Duration: "0:00:01.488330"
Output path: "/root/.promptflow/.runs/promptflow_evals_evaluators_content_safety_content_safety_contentsafetyevaluator_k3ldgeeq_20240715_065220_068989"

Traceback (most recent call last):
...
    _ = evaluate(
  File "/usr/local/miniconda/lib/python3.9/site-packages/promptflow/evals/evaluate/_telemetry/__init__.py", line 111, in wrapper
    result = func(*args, **kwargs)
  File "/usr/local/miniconda/lib/python3.9/site-packages/promptflow/evals/evaluate/_evaluate.py", line 365, in evaluate
    raise e
  File "/usr/local/miniconda/lib/python3.9/site-packages/promptflow/evals/evaluate/_evaluate.py", line 340, in evaluate
    return _evaluate(
  File "/usr/local/miniconda/lib/python3.9/site-packages/promptflow/evals/evaluate/_evaluate.py", line 447, in _evaluate
    evaluator_info["result"] = batch_run_client.get_details(evaluator_info["run"], all_results=True)
  File "/usr/local/miniconda/lib/python3.9/site-packages/promptflow/evals/evaluate/_batch_run_client/proxy_client.py", line 33, in get_details
    run = proxy_run.run.result(timeout=BATCH_RUN_TIMEOUT)
  File "/usr/local/miniconda/lib/python3.9/concurrent/futures/_base.py", line 446, in result
    return self.__get_result()
  File "/usr/local/miniconda/lib/python3.9/concurrent/futures/_base.py", line 391, in __get_result
    raise self._exception
  File "/usr/local/miniconda/lib/python3.9/concurrent/futures/thread.py", line 58, in run
    result = self.fn(*self.args, **self.kwargs)
  File "/usr/local/miniconda/lib/python3.9/site-packages/promptflow/_sdk/_pf_client.py", line 301, in run
    return self._run(
  File "/usr/local/miniconda/lib/python3.9/site-packages/promptflow/_sdk/_pf_client.py", line 226, in _run
    return self.runs.create_or_update(run=run, **kwargs)
  File "/usr/local/miniconda/lib/python3.9/site-packages/promptflow/_sdk/_telemetry/activity.py", line 265, in wrapper
    return f(self, *args, **kwargs)
  File "/usr/local/miniconda/lib/python3.9/site-packages/promptflow/_sdk/operations/_run_operations.py", line 137, in create_or_update
    self.stream(created_run)
  File "/usr/local/miniconda/lib/python3.9/site-packages/promptflow/_sdk/_telemetry/activity.py", line 265, in wrapper
    return f(self, *args, **kwargs)
  File "/usr/local/miniconda/lib/python3.9/site-packages/promptflow/_sdk/operations/_run_operations.py", line 228, in stream
    raise InvalidRunStatusError(error_message)
promptflow._sdk._errors.InvalidRunStatusError: First error message is: The input for batch run is incorrect. Input from key 'data' is an empty list, which means we cannot generate a single line input for the flow run. Please rectify the input and try again.

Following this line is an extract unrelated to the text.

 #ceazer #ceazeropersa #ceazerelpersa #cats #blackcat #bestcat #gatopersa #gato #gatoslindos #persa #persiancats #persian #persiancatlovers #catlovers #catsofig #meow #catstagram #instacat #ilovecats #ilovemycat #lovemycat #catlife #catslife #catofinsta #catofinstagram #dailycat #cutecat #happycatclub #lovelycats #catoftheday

I noticed some changes related to performance/parallelization between 0.3.0 and 0.3.1. e.g. https://github.com/microsoft/promptflow/commit/32115d397b888be86eaea9b54039f5dd20f55dc0

for the evaluate API, i see it changed from

    use_thread_pool = kwargs.get("_use_thread_pool", True)
    batch_run_client = CodeClient() if use_thread_pool else pf_client

to

    use_pf_client = kwargs.get("_use_pf_client", True)
    batch_run_client = ProxyClient(pf_client) if use_pf_client else CodeClient()

so accordingly, the batch_run_client changed from a CodeClient to ProxyClient with default inputs (neither passing in _use_thread_pool nor _use_pf_client)

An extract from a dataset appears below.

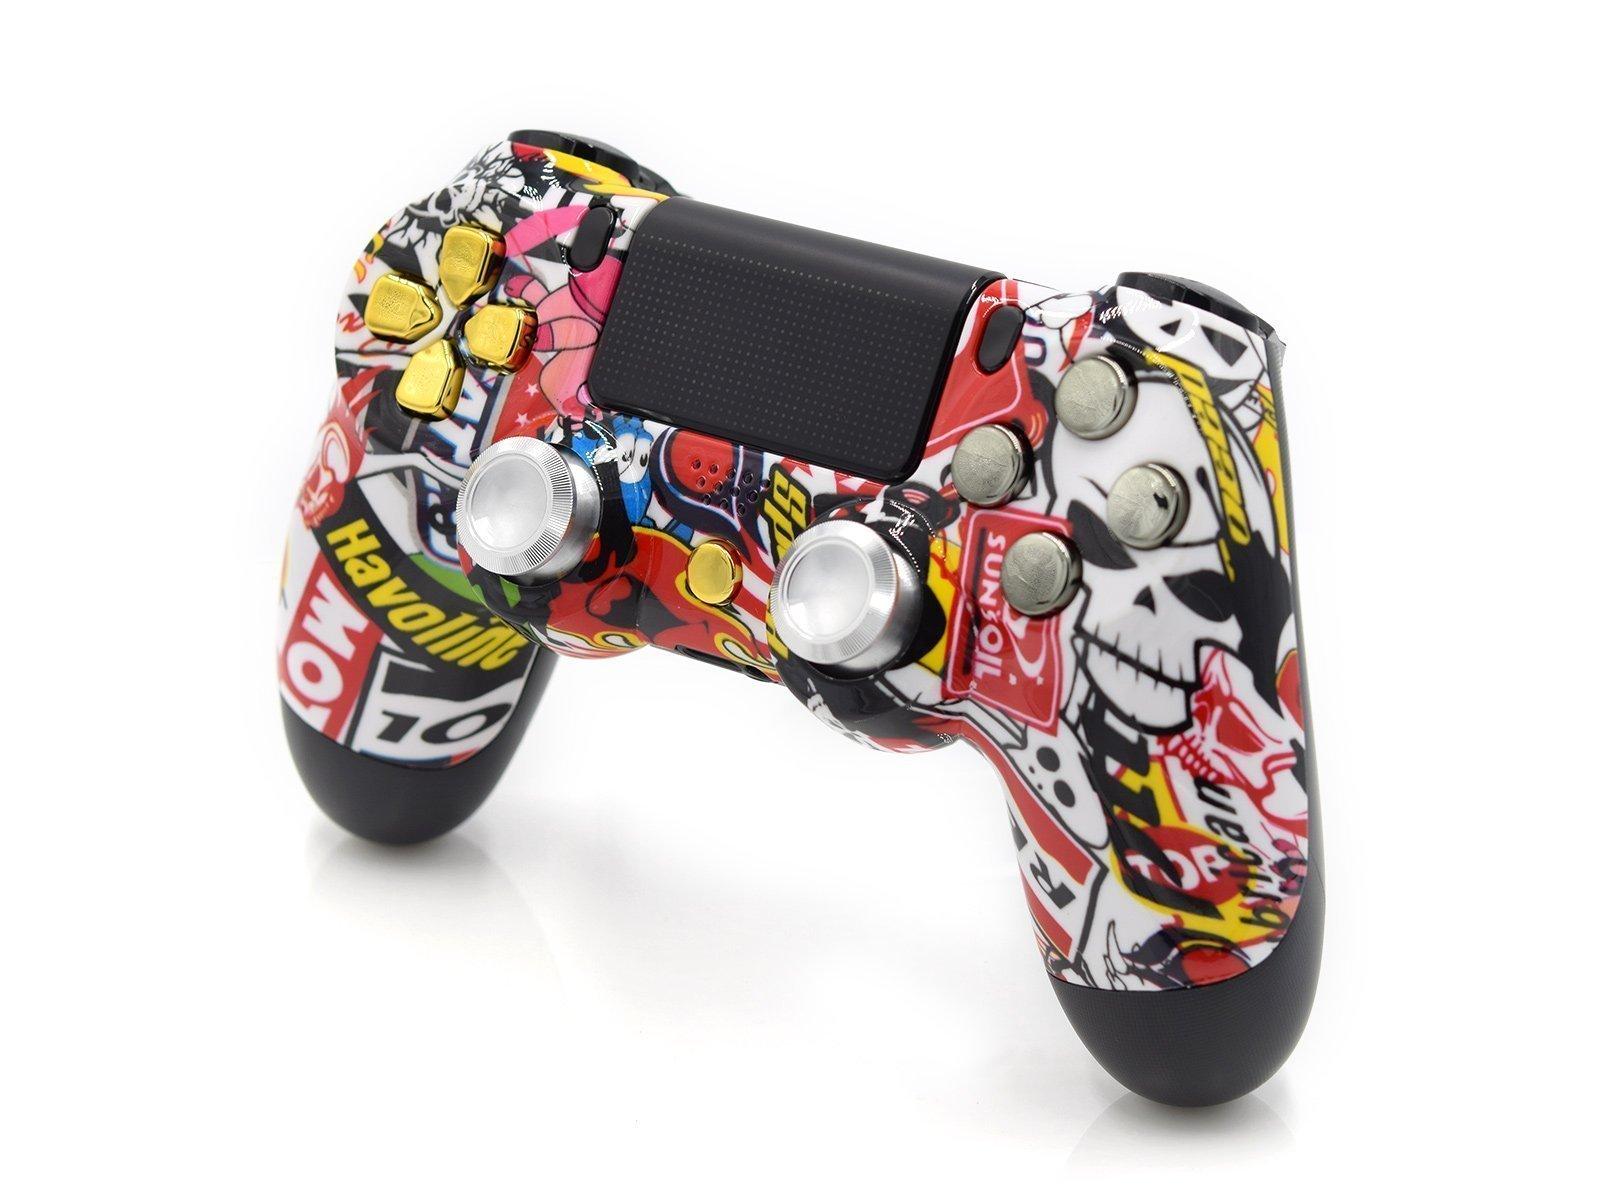 Sticker Bomb PlayStation 4 Custom Controller

Is this related to the failure? and which client is parallelization and recommended to use?

How To Reproduce the bug Steps to reproduce the behavior, how frequent can you experience the bug: 1.

Expected behavior A clear and concise description of what you expected to happen.

Screenshots If applicable, add screenshots to help explain your problem.

Running Information(please complete the following information):

Promptflow Package Version using pf -v: [e.g. 0.0.102309906]
Operating System: [e.g. Ubuntu 20.04, Windows 11]
Python Version using python --version: [e.g. python==3.10.12]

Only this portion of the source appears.